The following variables control the default behavior of the class:

- **do_strip (bool)**: If True removes leading and trailing whitespace.
- **check_empty (bool)**: Verifies if the text is non-empty.
- **check_letters (bool)**: If True compares the number of letters to the total number of characters.
- **percentage_letters (float)**: If check_letters is True this is the minimum percentage of accepted letters.
- **spaces_only (bool)**: If true, replaces all whitespace characters with spaces.
- **max_consecutive_spaces (int)**: Limits consecutive spaces to a specified maximum.
- **text_truncate (bool)**: If True text can be truncated to a specified maximum length.
- **max_length (int)**: Max length of the processed text (to be used if text_truncate = True)
- **ascii_only (bool)**: If True removes non-ASCII characters.
- **text_normalize (str)**: Normalizes the text using a specified Unicode normalization form.
- **has_min_length (bool)**: Verifies if the text meets a minimum length requirement.
- **min_length (int)**: Min length of the processed text (to be used if has_min_length = True)
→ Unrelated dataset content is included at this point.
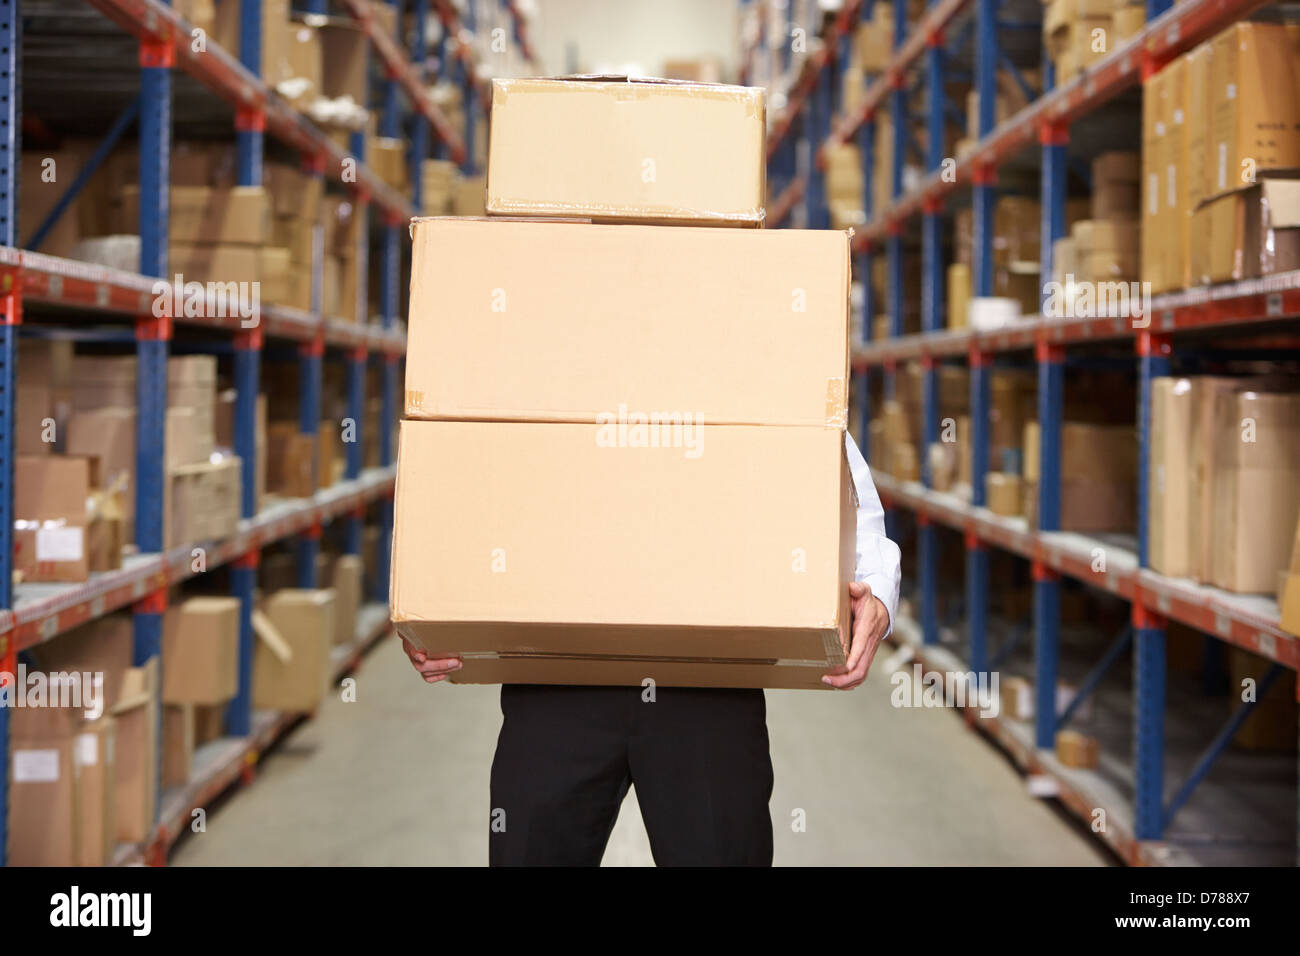 Man Carrying Boxes In Warehouse Stock Photo

To continue the previous example, it is possible to perform a basic preprocessing in the following way:

```python
preprocessor = TextPreprocessor()

def build_prompt(my_prompts, preprocessor, context, question):
    is_okay, context = preprocessor.preprocess(context)
    assert is_okay, "ERROR: Invalid context"
    return my_prompts.fill_list("prompt_name", [context, question])
```


**Note** 💡 The preprocessing class performs basic steps by default. In a production environment, you may want to customize the pipeline or add specific steps to meet your requirements.

## TL;DR

- Organize your prompts by storing them in a folder or within a JSON file.
- Use a dictionary or list to dynamically modify prompts at runtime.
- Apply the preprocessor to perform basic processing on the filler values before using the prompts.

### License

This software is distributed under the MIT License (see LICENSE for details).

Contributions are welcome!

You are free to use, modify, and distribute it as you wish, though attribution is appreciated.